President of the Screen Actors Guild
- In office 1958–1959
- Preceded by: Leon Ames
- Succeeded by: Ronald Reagan

= Howard Keel =

American actor and singer (1919–2004)

Harold Clifford Keel (April 13, 1919 – November 7, 2004), professionally Howard Keel, was an American actor and singer known for his rich bass-baritone singing voice. He starred in a number of MGM musicals in the 1950s, including Show Boat (1951). He played the role of oil baron Clayton Farlow in the television series Dallas from 1981 to 1991.

==Early life==
Keel was born in Gillespie, Illinois, the younger of two sons born to Navyman-turned-coalminer Homer Keel and his wife, Grace Margaret (née Osterkamp). Howard's elder brother was Frederick William Keel. After his father's death in 1930, Keel and his mother moved to California, where he graduated from Fallbrook High School at age 17. He worked various odd jobs until settling at Douglas Aircraft Company as a "traveling representative". He was a long haul truck driver.

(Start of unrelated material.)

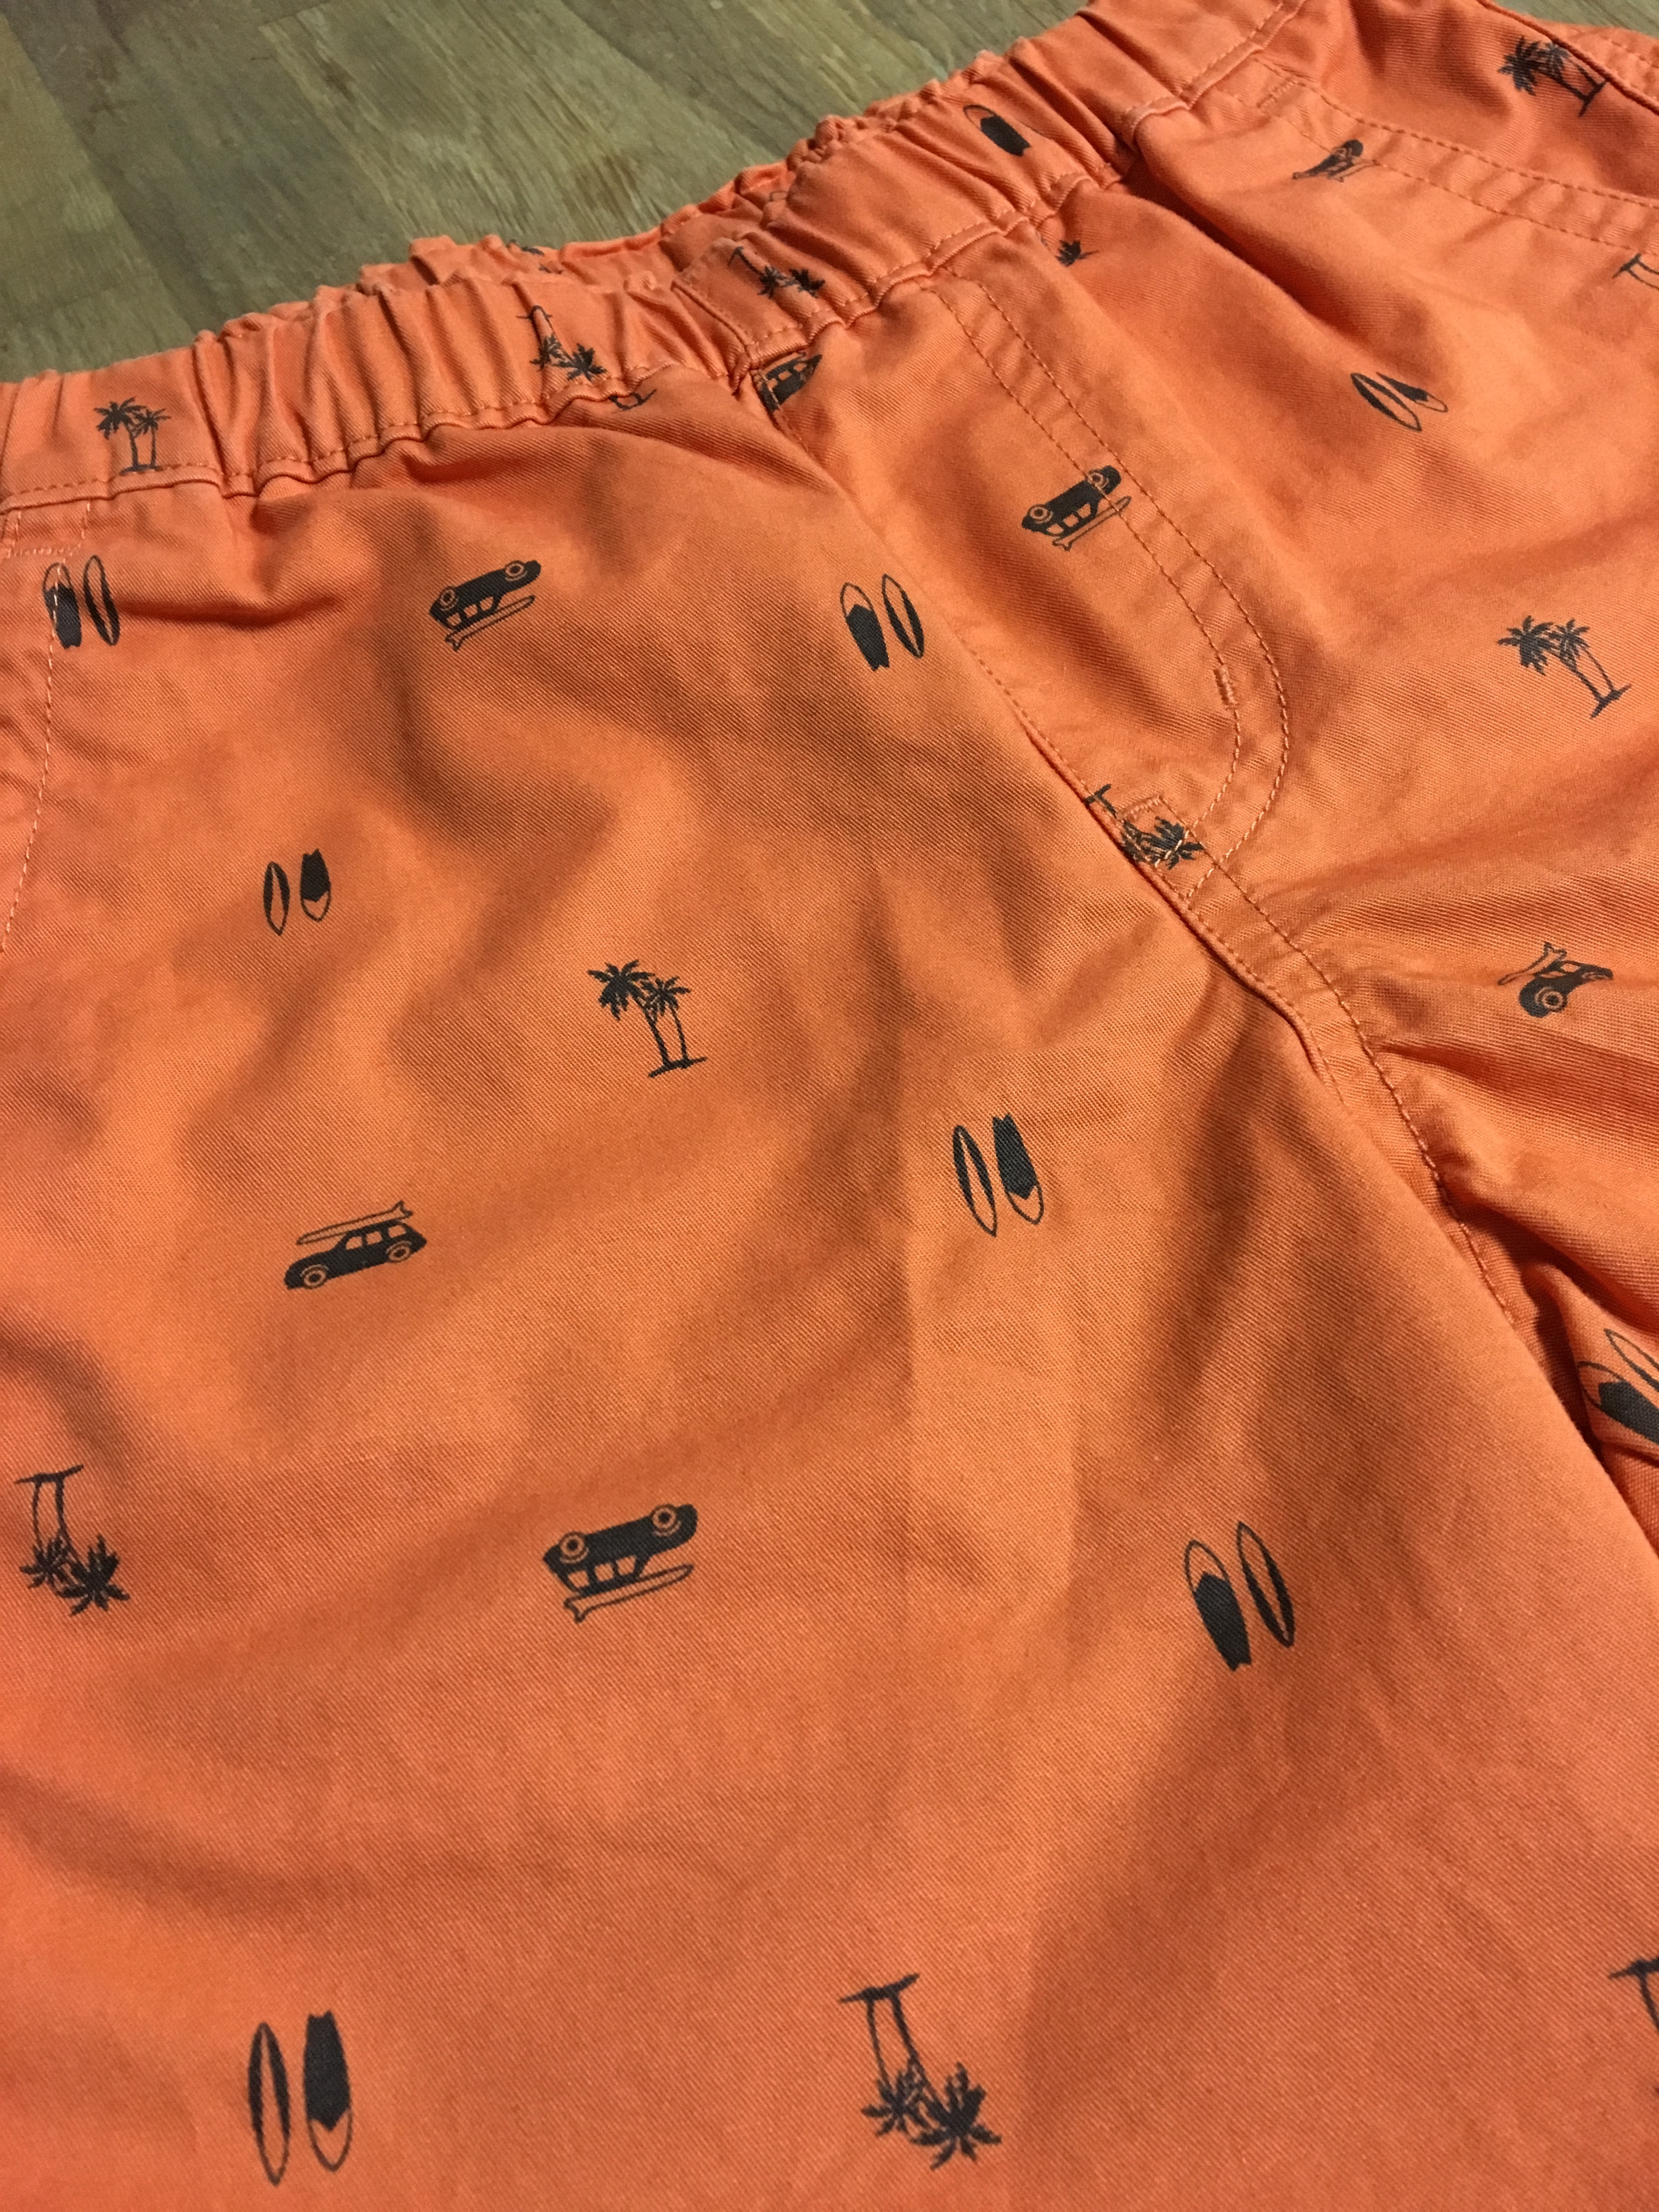 トレンドの西海岸系ファッションに 夏柄ハーフパンツ 子供服 中古服のリサイクル交換 Lynks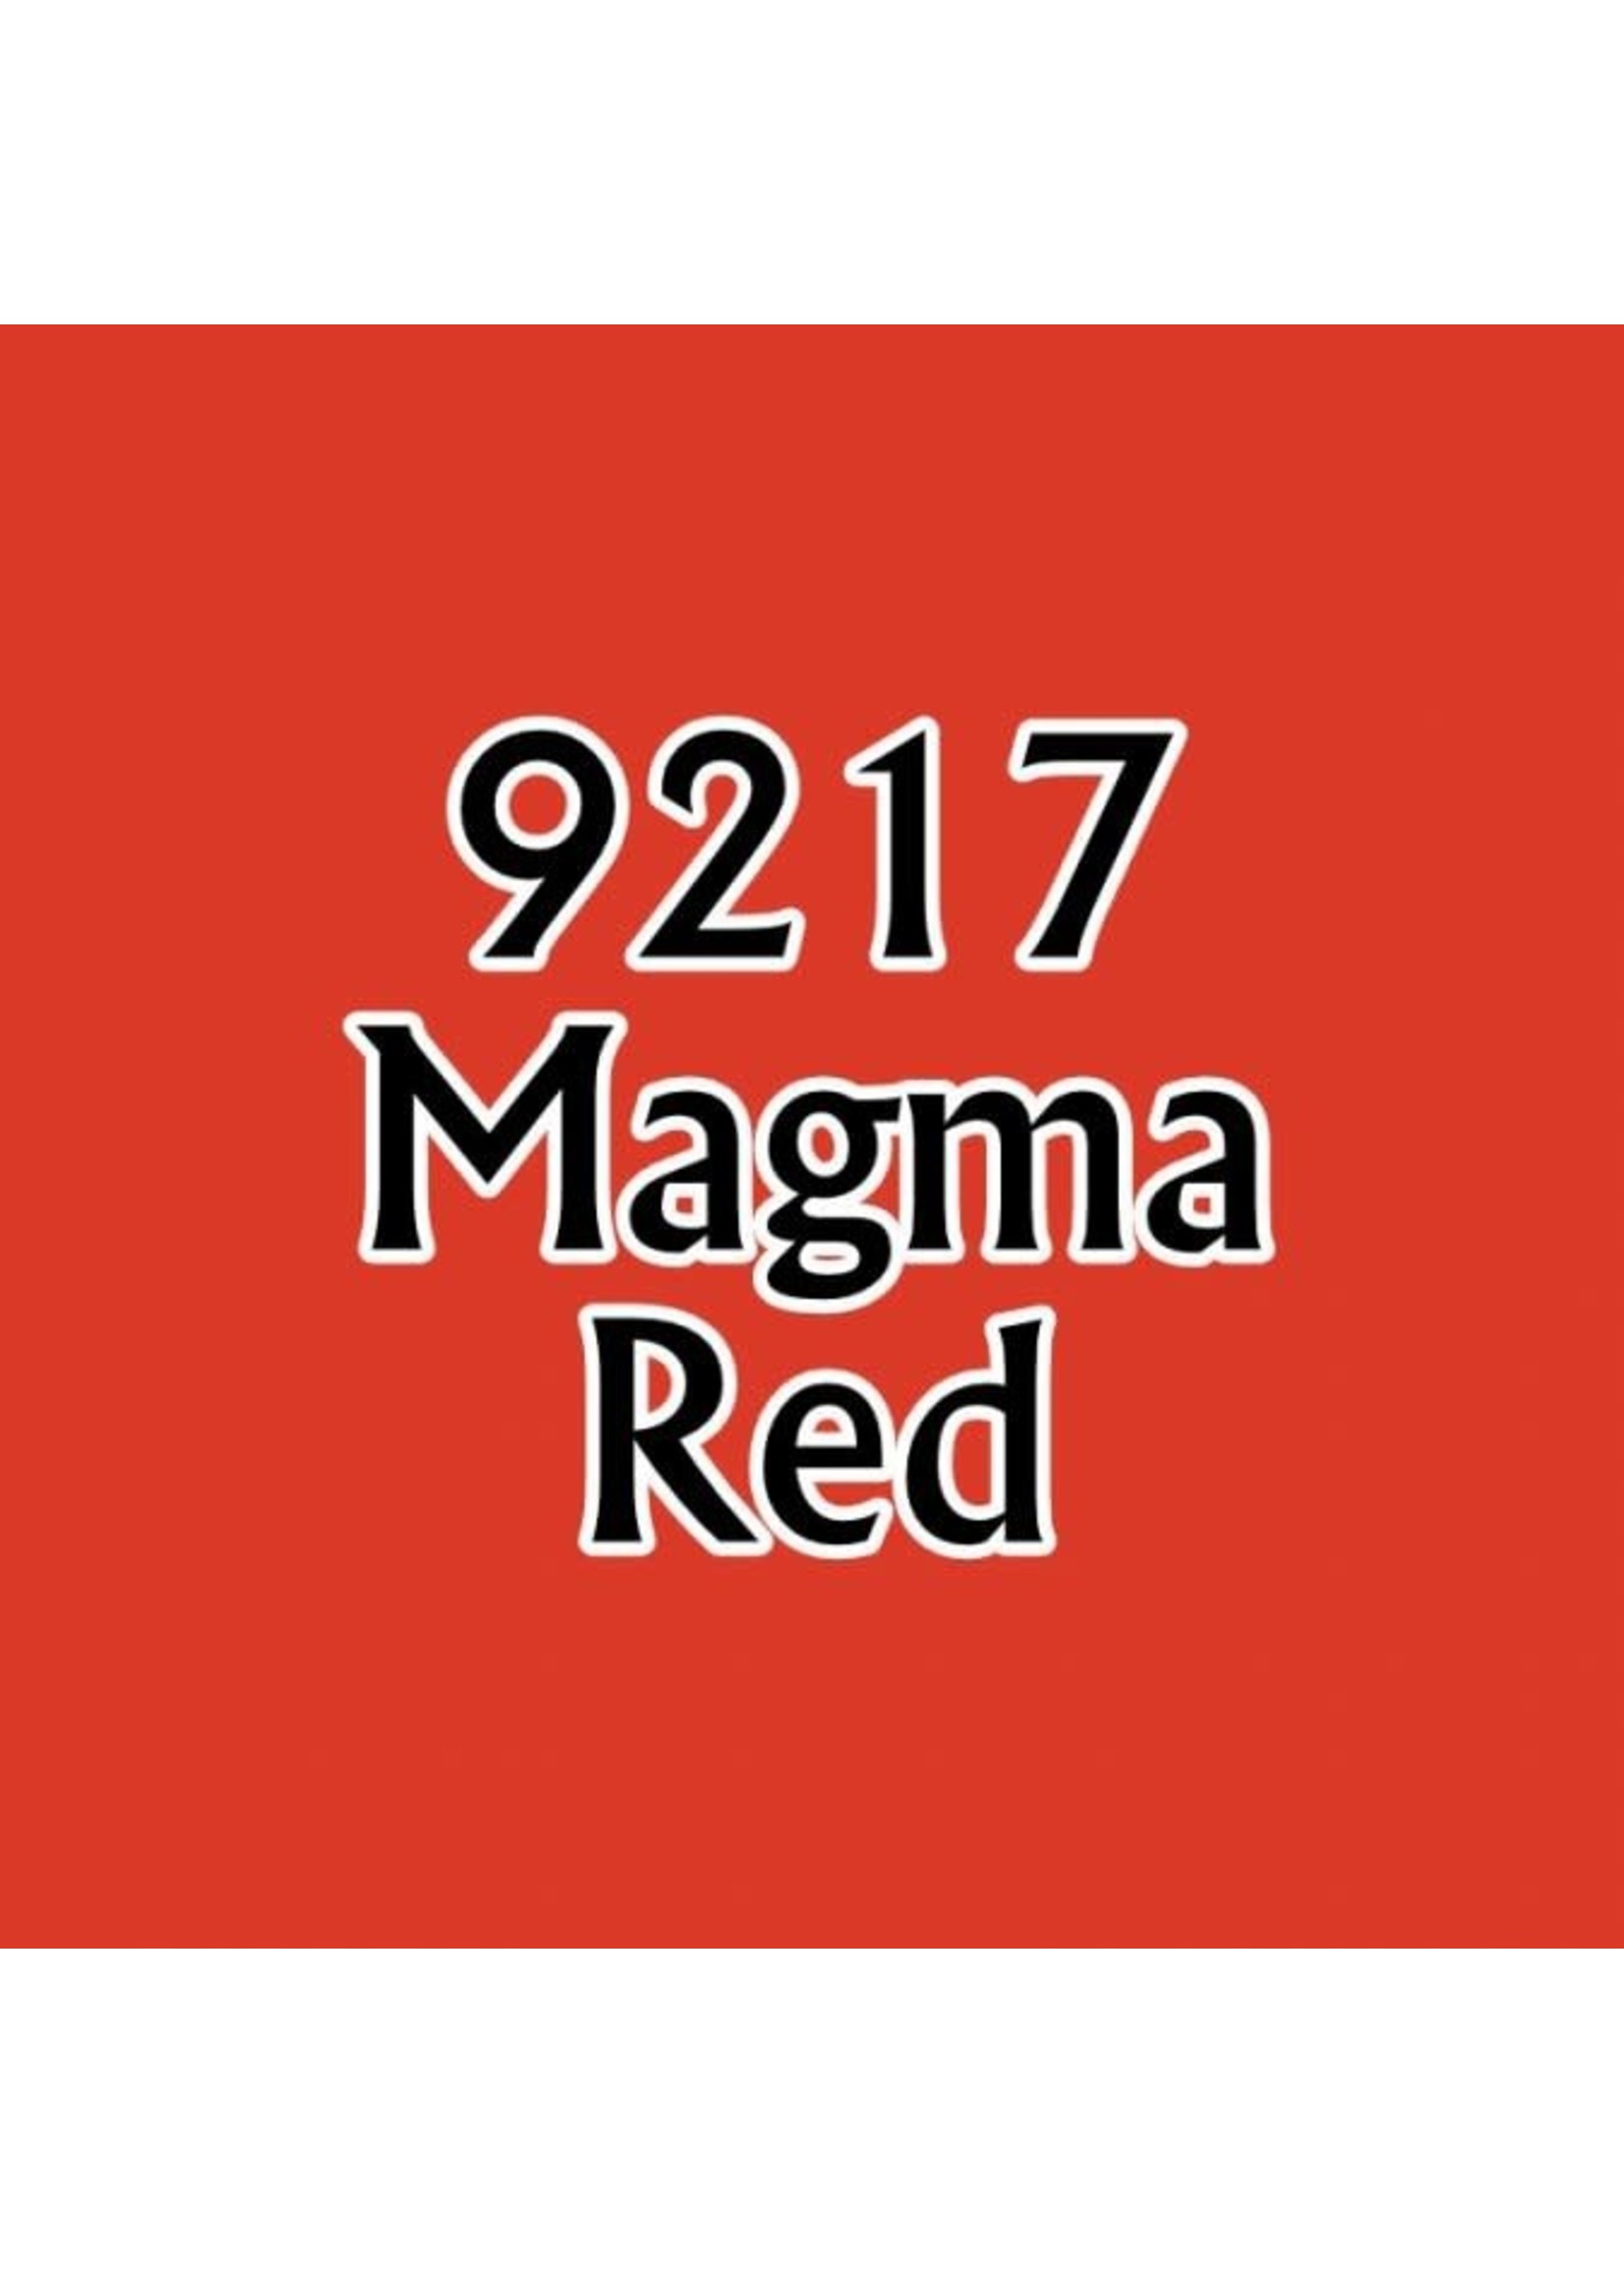 Reaper Magma Red

In the 1950s, the MGM publicity department stated that Keel's birth name was Harold Leek.

==Career==
At age 20, Keel was overheard singing by his landlady Mom Rider and was encouraged to take vocal lessons. One of his music heroes was the great baritone Lawrence Tibbett. Keel later remarked that learning that his own voice was a basso cantante was one of the greatest disappointments of his life. Nevertheless, his first public performance took place in the summer of 1941 when he played the role of Samuel the Prophet in Handel's oratorio Saul (singing a duet with bass-baritone George London).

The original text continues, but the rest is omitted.